BeautifulPeople.com Launches 'Virtual Sperm and Egg Bank'
Even "ugly people" welcome at exclusive dating site's new "sperm bank."
June 23, 2010— -- If you want to be a parent, Parissa Mobasher believes you owe your offspring three things: love, the best education you can provide and good genes.
That's why, as a member of BeautifulPeople.com, a dating site exclusively for attractive people, she's joined the company's most recent venture, a "virtual sperm and egg bank for people who want to have beautiful babies."

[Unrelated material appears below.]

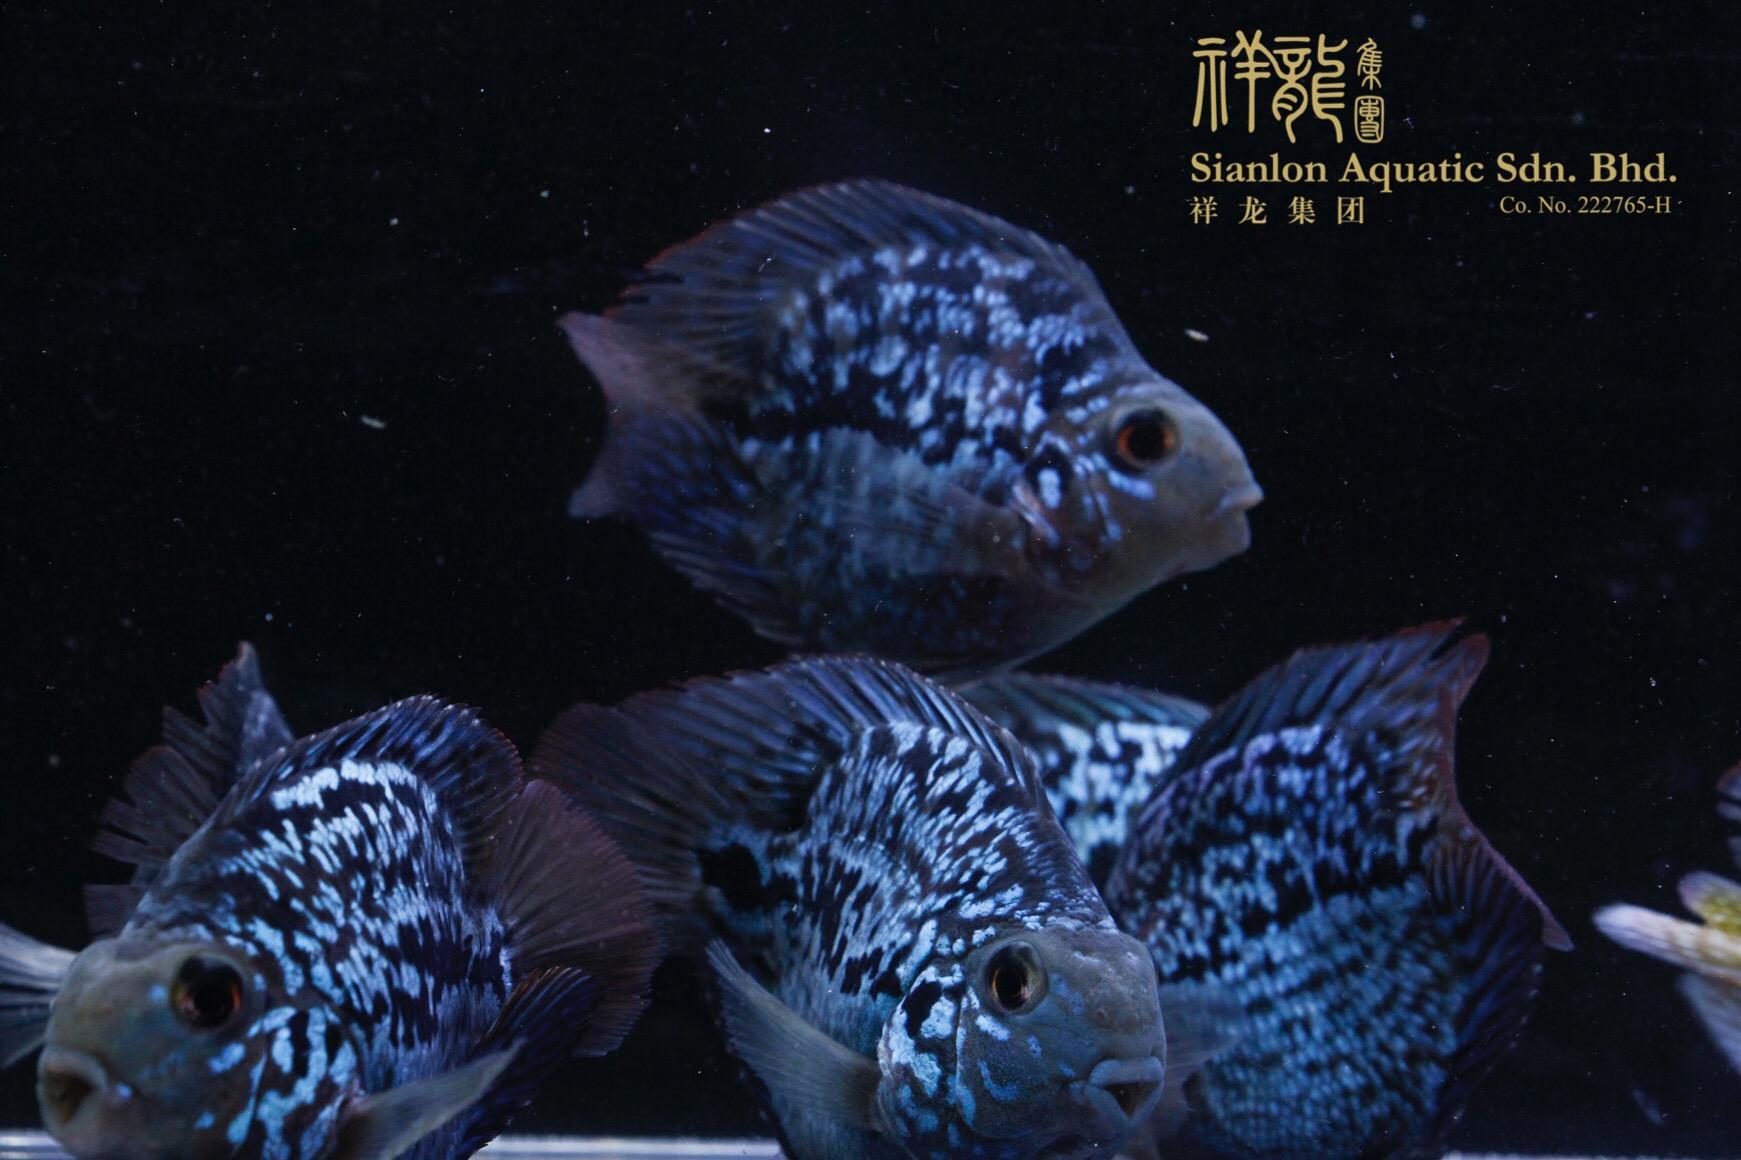 北京黑卡鱼 北京水族新品 北京龙鱼第5张
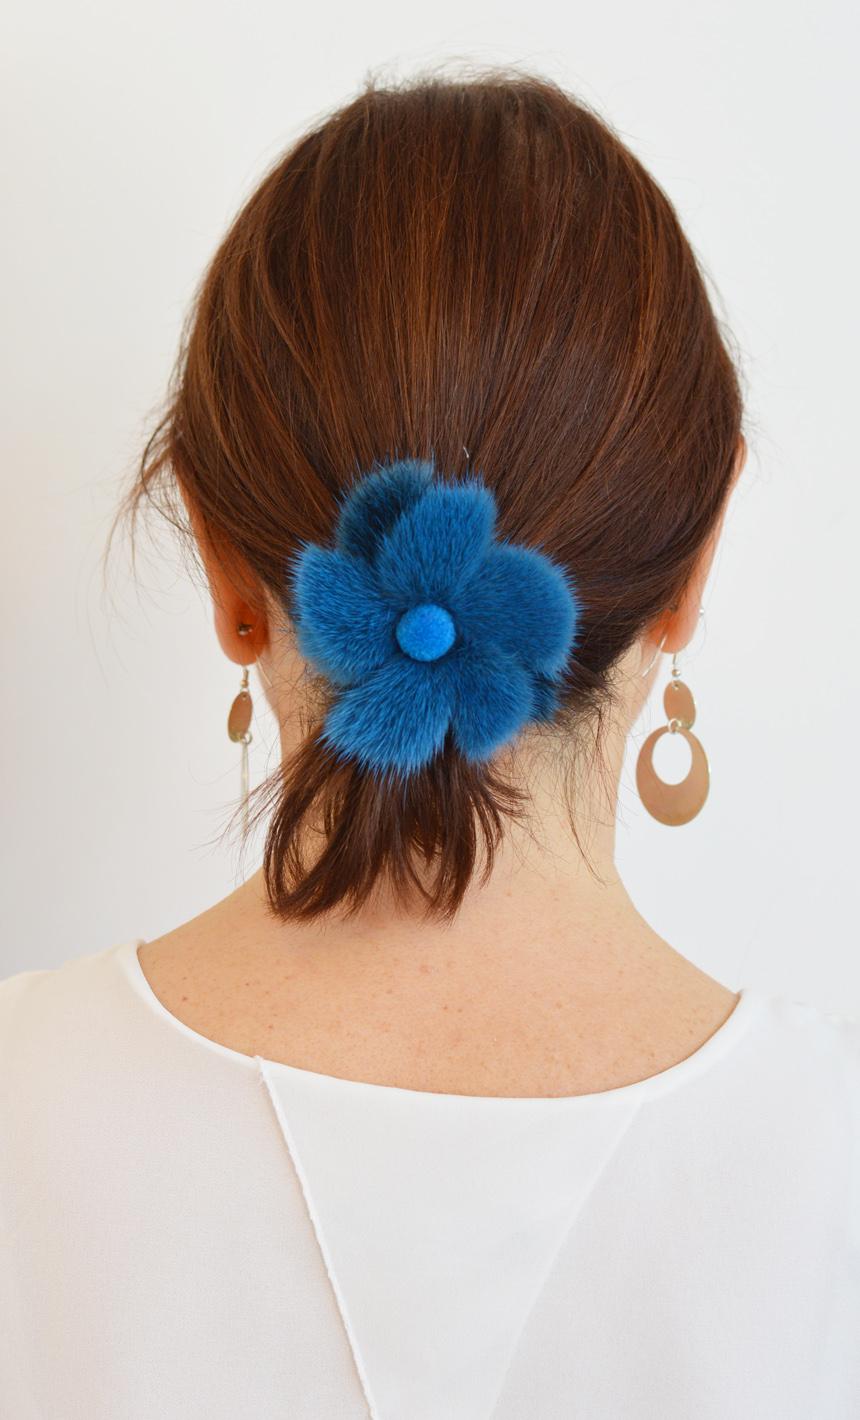 Elastico capelli in pelliccia di visone colorato di azzurro

"I know it sounds really shallow in the context of BeautifulPeople, but if you look at human nature, the initial attraction is the exterior," the 42-year-old Londoner said. "It's that extra edge in life."
As a single woman, she said she's potentially open to finding a suitable sperm donor on what the company called its fertility introduction service. And if she chooses against having children of her own, Mobasher said she'd seriously consider giving her eggs to someone else -- especially given the strength of her own genetic endowment.
"Wouldn't it be an awful waste of eggs if I was to stop producing eggs?" she said. "I've seen my mother, my grandmother, my great-grandmother. I've seen what they turned out to be."
Launched this week, BeautifulPeople.com's new fertility forum is intended to give members and non-members (or "ugly people") better odds of having good-looking children, the company said.
"Right or wrong, infertile couples highly value attractiveness in their donors," Greg Hodge, the site's managing director, told ABCNews.com. "It may not give us all a warm, fuzzy feeling inside but you can't argue the fact that parents want to secure every advantage for their child."
Though the dating site is only open to men and women who are voted attractive enough by other members of the site, he said the fertility forum will be available to anyone.
"Initially, we hesitated to widen the offering to non-beautiful people. But everyone -- including ugly people -- would like to bring good looking children in to the world, and we can't be selfish with our attractive gene pool," company founder Robert Hintze said in a statement.